EMPLOYEE: Well his name really is John Smith. Apparently he doesnt want anyone to know his real name or some
EVEREST: What? Are you saying I really am wrestling a guy named John Smith? So this guy is gonna step into the ring with the champ so scared hes afraid to tell anyone his real name. Damn I guess Id be scared too if I had to face the World Champion in the ring. Well you tell Mr. Smith that it wont matter what name he comes to the ring as, hes going to leave the ring with just one moniker: LOSER! Its not all bad though, I mean he will be in a pretty elite company. People like Steamboat Ricky, Lars Rieder, Joseph Rios and so many others. Hell the groups getting so big I hear they are handing out membership cards.
Look Smith,I'll give it too you straight. This isn't gonna be rocket science for you. I know you're probably full of spirit right now thinking hey the company most really like me, putting me in the ring with the Champ and all. Well Johnny boy, it's gonna be rather simple. You see you'll come down to the ring, strut your stuff to the crowd. Hell you'll probably be riding the adrenaline enough you'll even get in a few good shots on the champ. And then reality will send you crashing down to the mat, courtesy of a Rock Slide. Then you John Smith will realize that you've just been pinned. But once again don't worry to much, I mean what more did you expect when you get in the ring with EVEREST. I'll put in a good word for you with the rest of the Vanquished Everest opponents group. Maybe I can get you one of those membership cards.

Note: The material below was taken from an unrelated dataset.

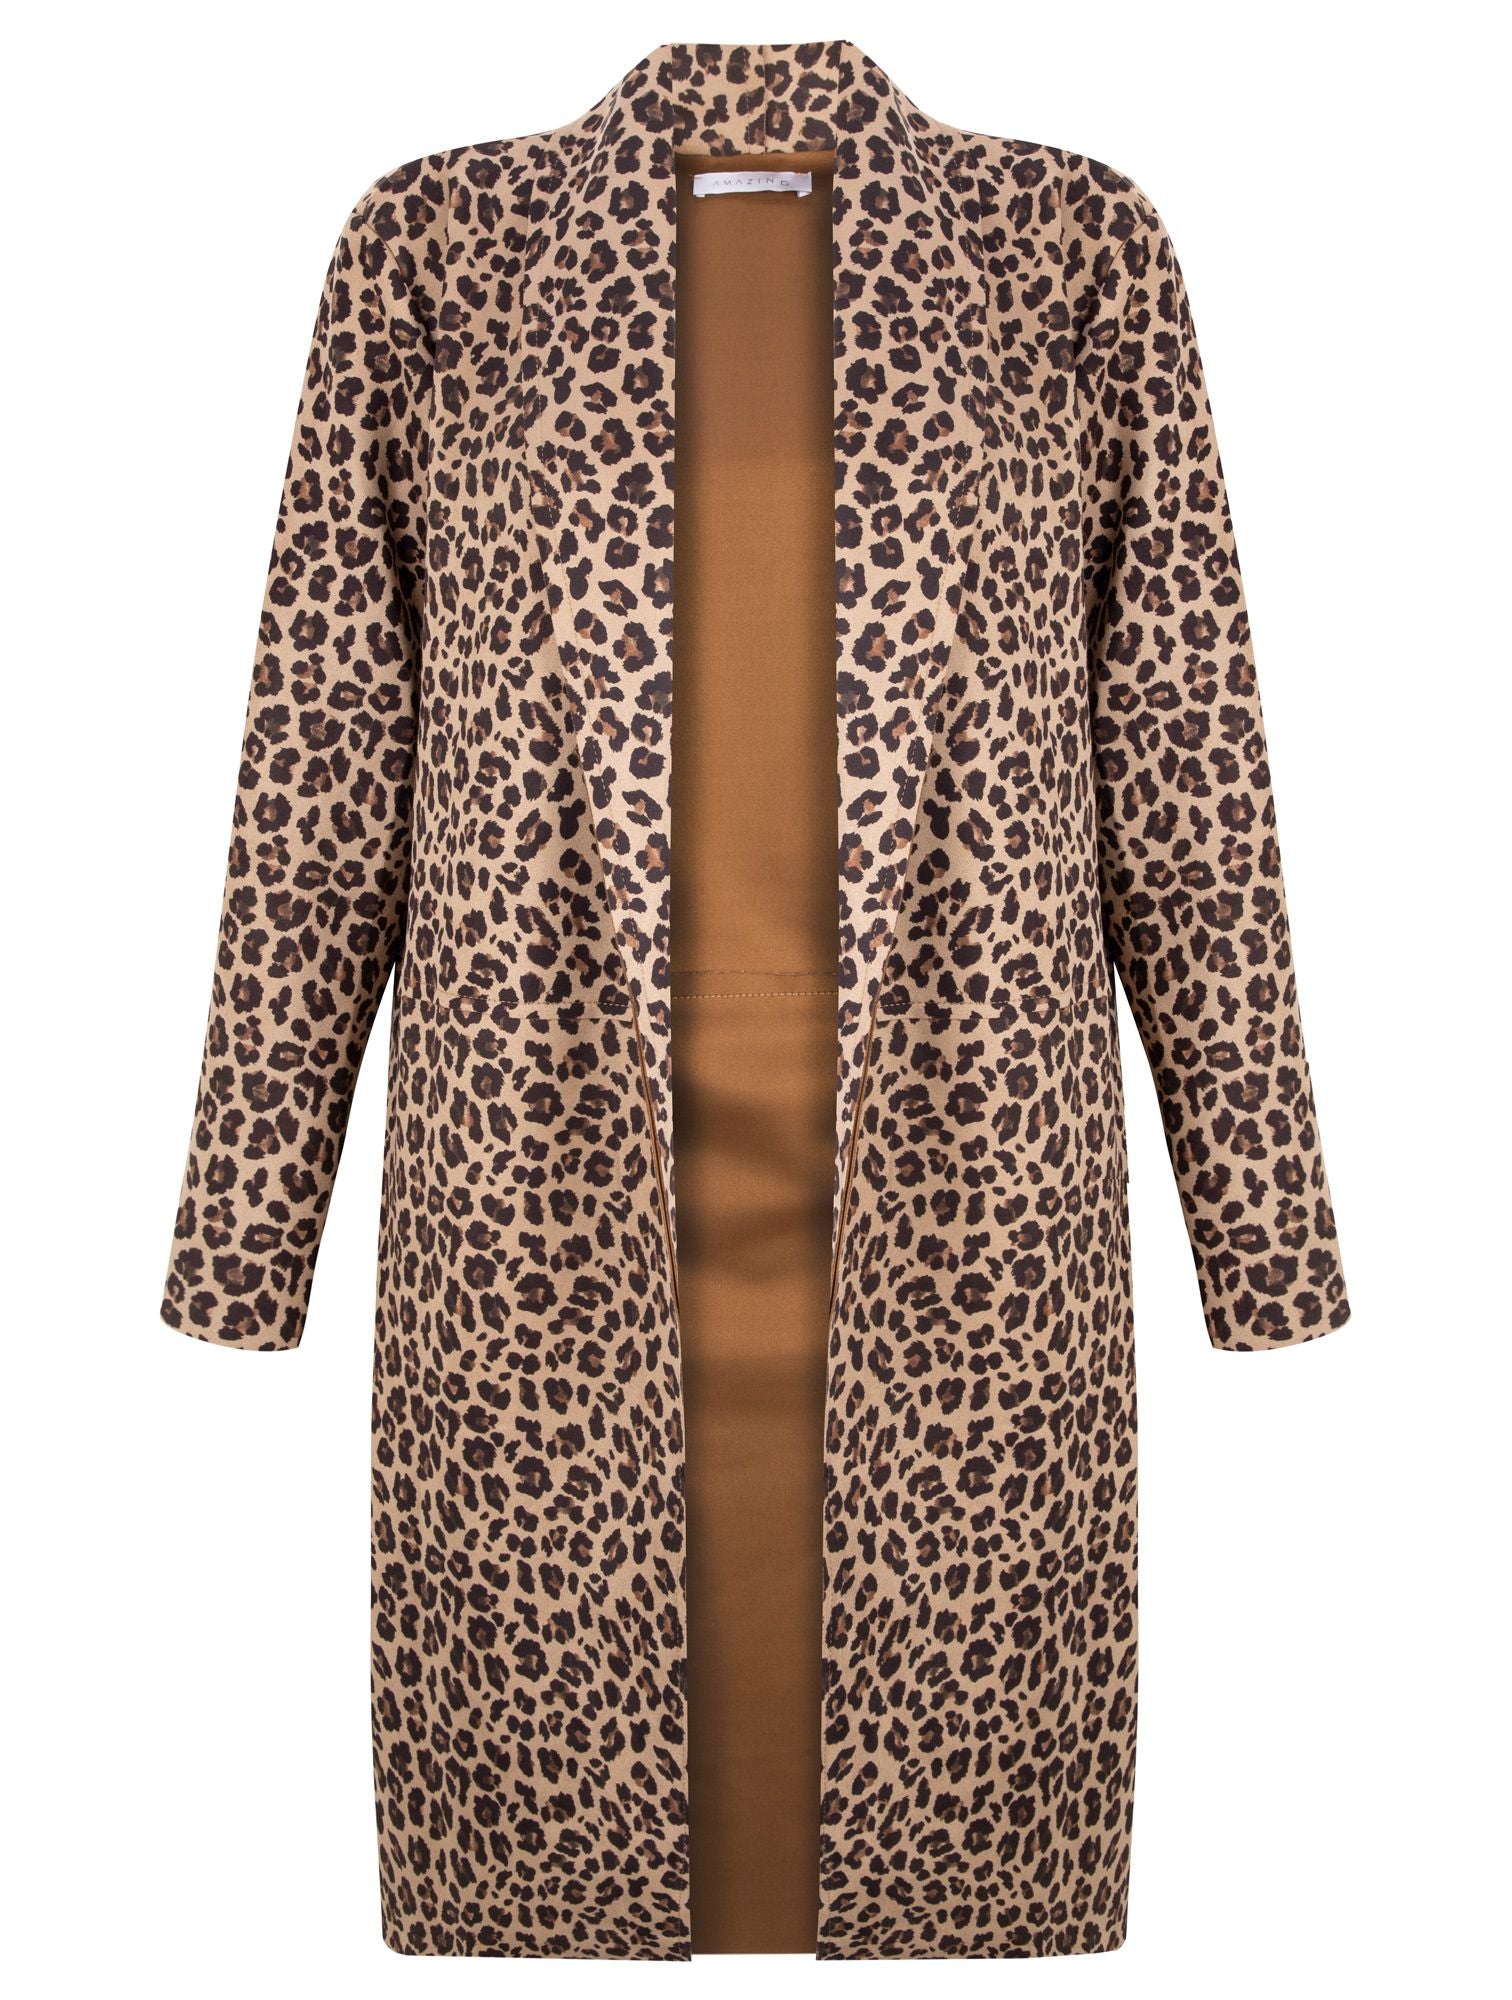 Faux Suede stretch Duster Coat leopard - Maya Maya Ltd

EMPLOYEE: Excuse me again sir but we really need to get going.
EVEREST: Didnt I tell you I wasnt doing this piece of sh
.
(With that a knock at the door comes, and in steps a tall beautiful Brunette dressed in a Ms. Claus suit, you know the kind, skimpy and tiny and very very tight. Lets just say she fills it out well.)
EVEREST: Well, Hello sweetheart. What can the champ do for you today?

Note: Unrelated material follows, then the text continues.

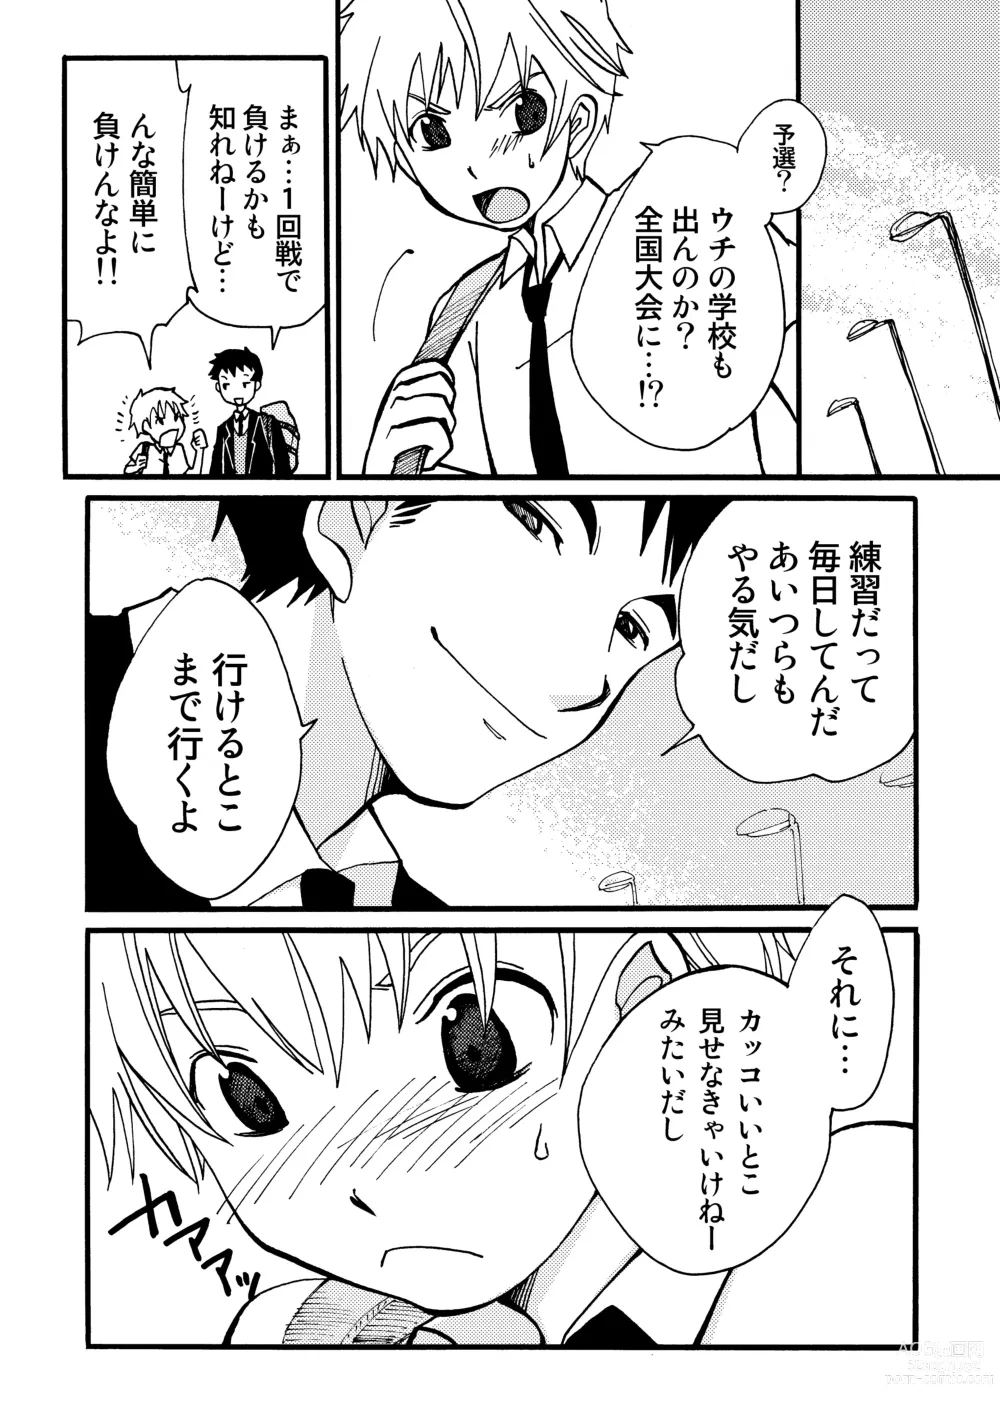 Page 20 of doujinshi Suki!

MS. CLAUS: Well the kids are getting restless, I was just wondering how long you were going to be?
EVEREST: (Grabbing the outfit) Ill be right there. Hey peon, I need you to make sure a copy of this tape gets back to WZCW.com office alright. I want Titus to hear this. Can you do that?
EMPLOYEE: Yes sir.
EVEREST: Good its about time you did something besides standing there making the wall look smart.
Hey Titus dont think that Ive forgotten about you because I havent. I heard you talking about our past and how you just want to be forgiven. I heard you talking about how the fans have forgiven you and how excited you are to have your opportunity. Well theres still one thing I dont want YOU to forget; youre stepping into the ring with the best there is, period! Bar none! And to me this match is like no other. You see Ive defended my title time and time again. Against Steamboat Ricky it wasnt personal it was business. Against Lars it was about respect! Back in the day against Rios it was about honor and fairness. And now Titus
.now its about revenge and it IS personal. I havent forgotten what you did to me. Not one bit! So when you come after my title, after my destiny, you arent going to get a man just trying to keep his gold. Not this time Titus. What you are going to find awaiting you is a man out for revenge and a champion whos made it personal. Ill be waiting Titus, Ill be waiting to see if you have what it takes to climb the mountain, or if youre just another lost climber wholl become a sad victim of a Rockslide.
(With that Everest can be seen pulling on the Santa costume pants and as he buttons up the shirt and puts on the beard and hat he heads for the door. As the door opens we can hear kids screaming at the top of their lungs, prompting one final quote from Everest just loud enough for the cameras to pick up)
EVEREST: Ah shut up you little half pint ingrates. (Then louder and directed at the crowd) HO HO HO Santas here. Who wants some loot?
With that the camera fades to black.